• Task statement
What you return should match the data word for word, minus the images.

• Data shown
* * *
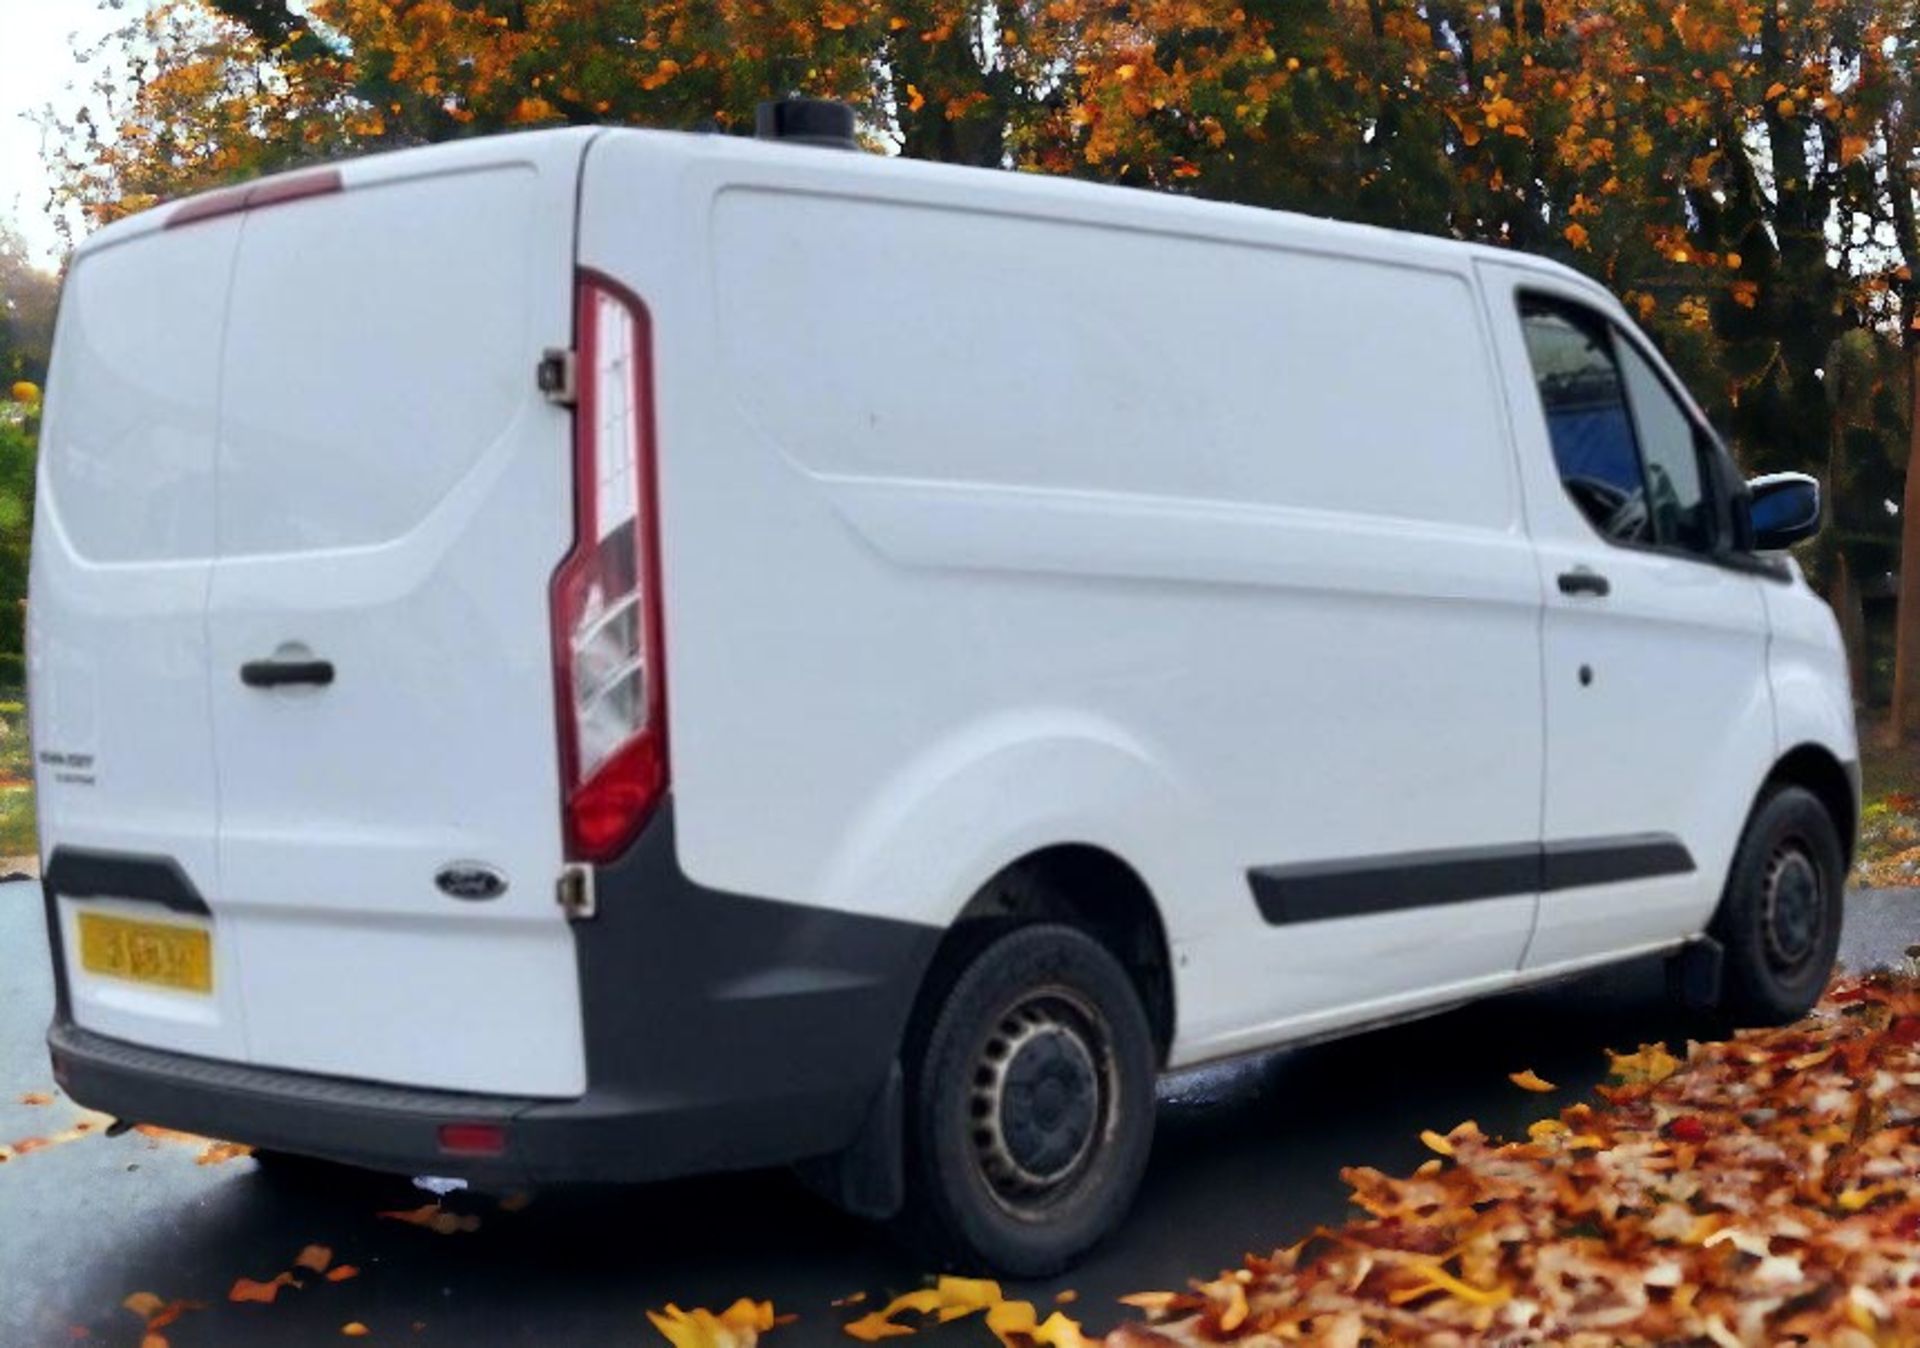 2015 FORD TRANSIT CUSTOM PANEL VAN - RELIABLE AND EFFICIENT WORKHORSE - Image 7 of 17
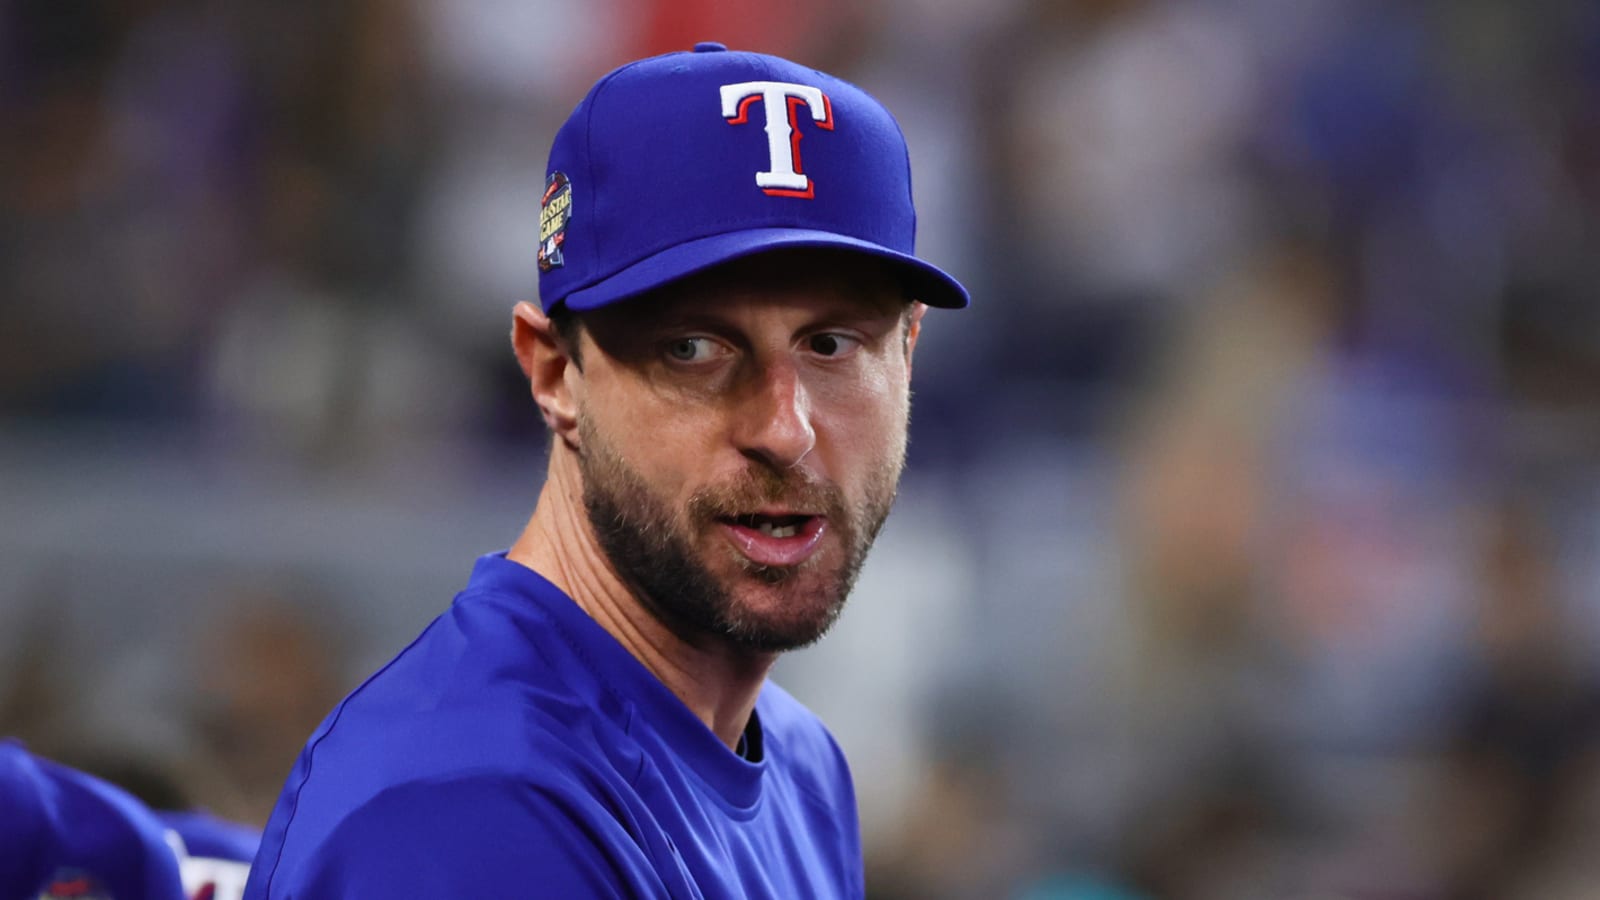 Rangers' Max Scherzer reflects on controversial Mets exit
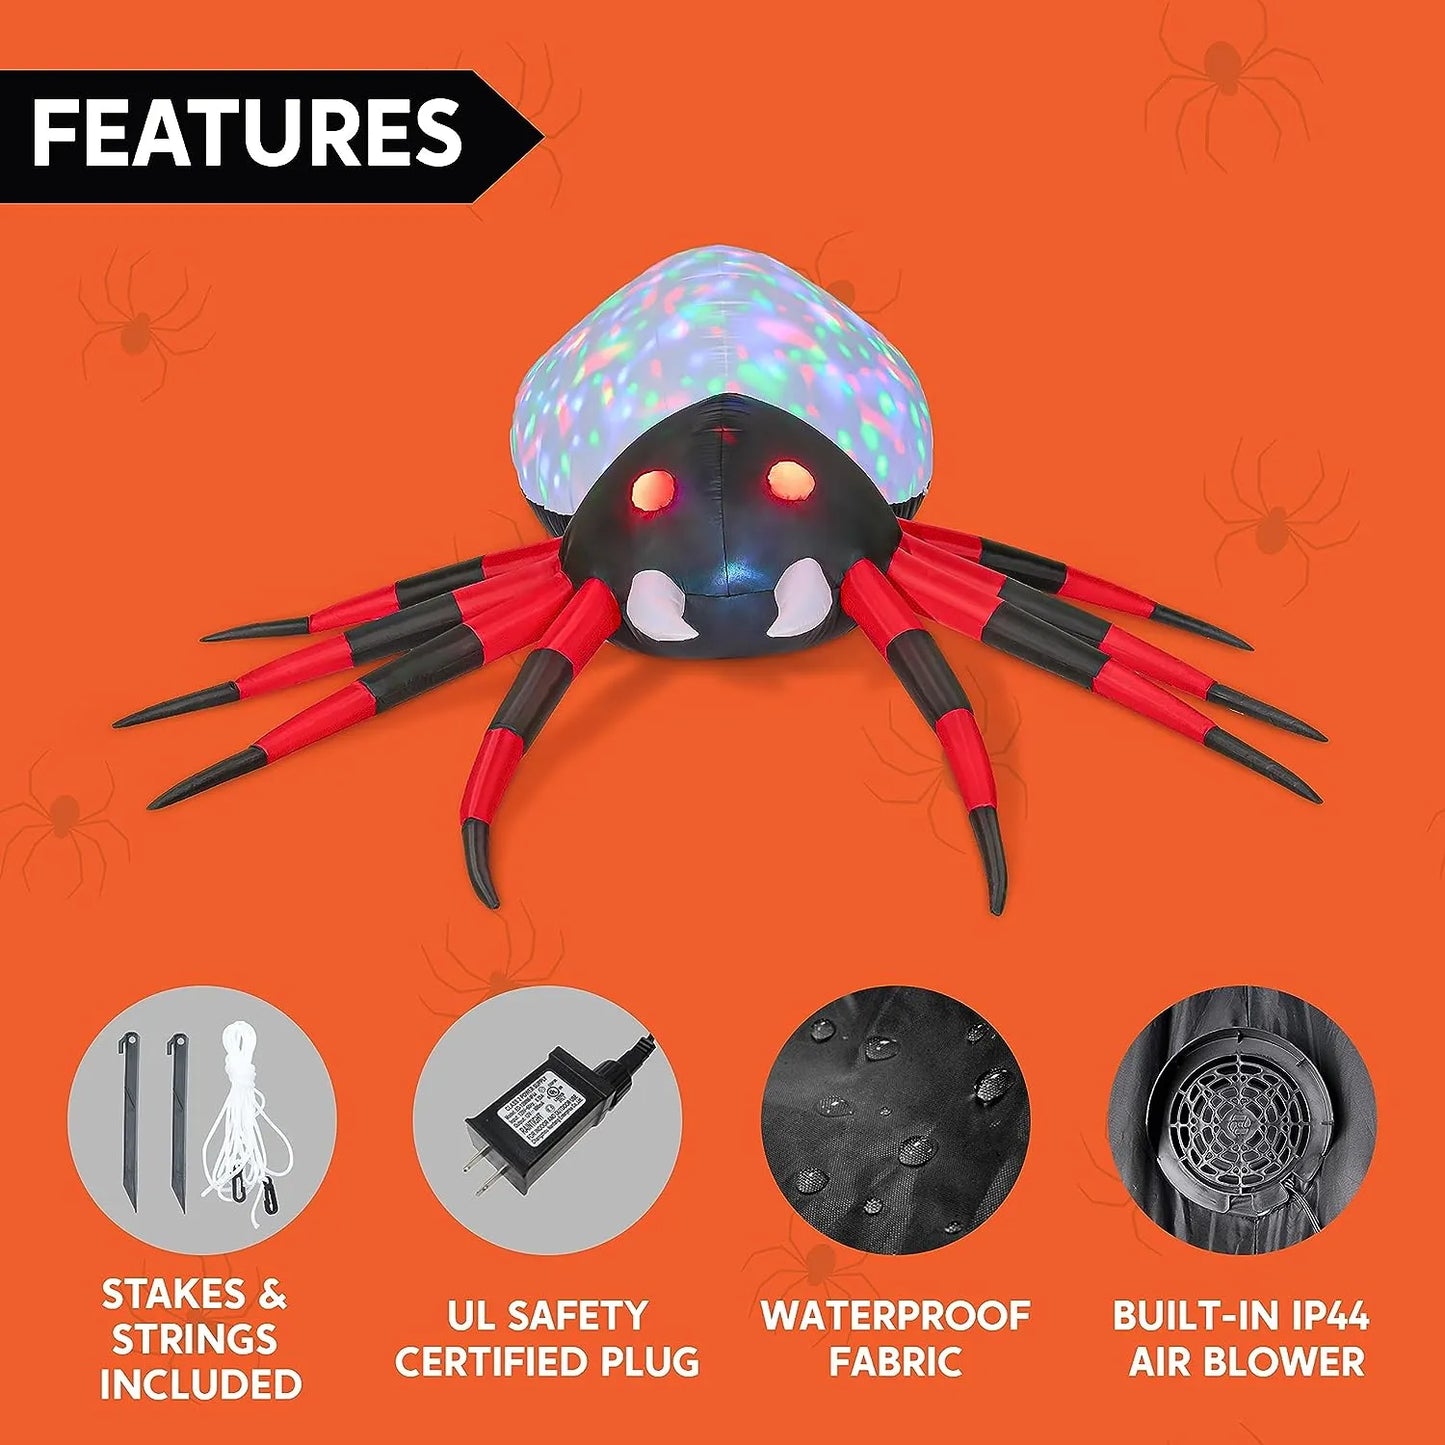 Joiedomi 12ft Long LEDs Halloween Inflatable Spider
* * *
• Solution for this task
 2015 FORD TRANSIT CUSTOM PANEL VAN - RELIABLE AND EFFICIENT WORKHORSE - Image 7 of 17
 Rangers' Max Scherzer reflects on controversial Mets exit
 Joiedomi 12ft Long LEDs Halloween Inflatable Spider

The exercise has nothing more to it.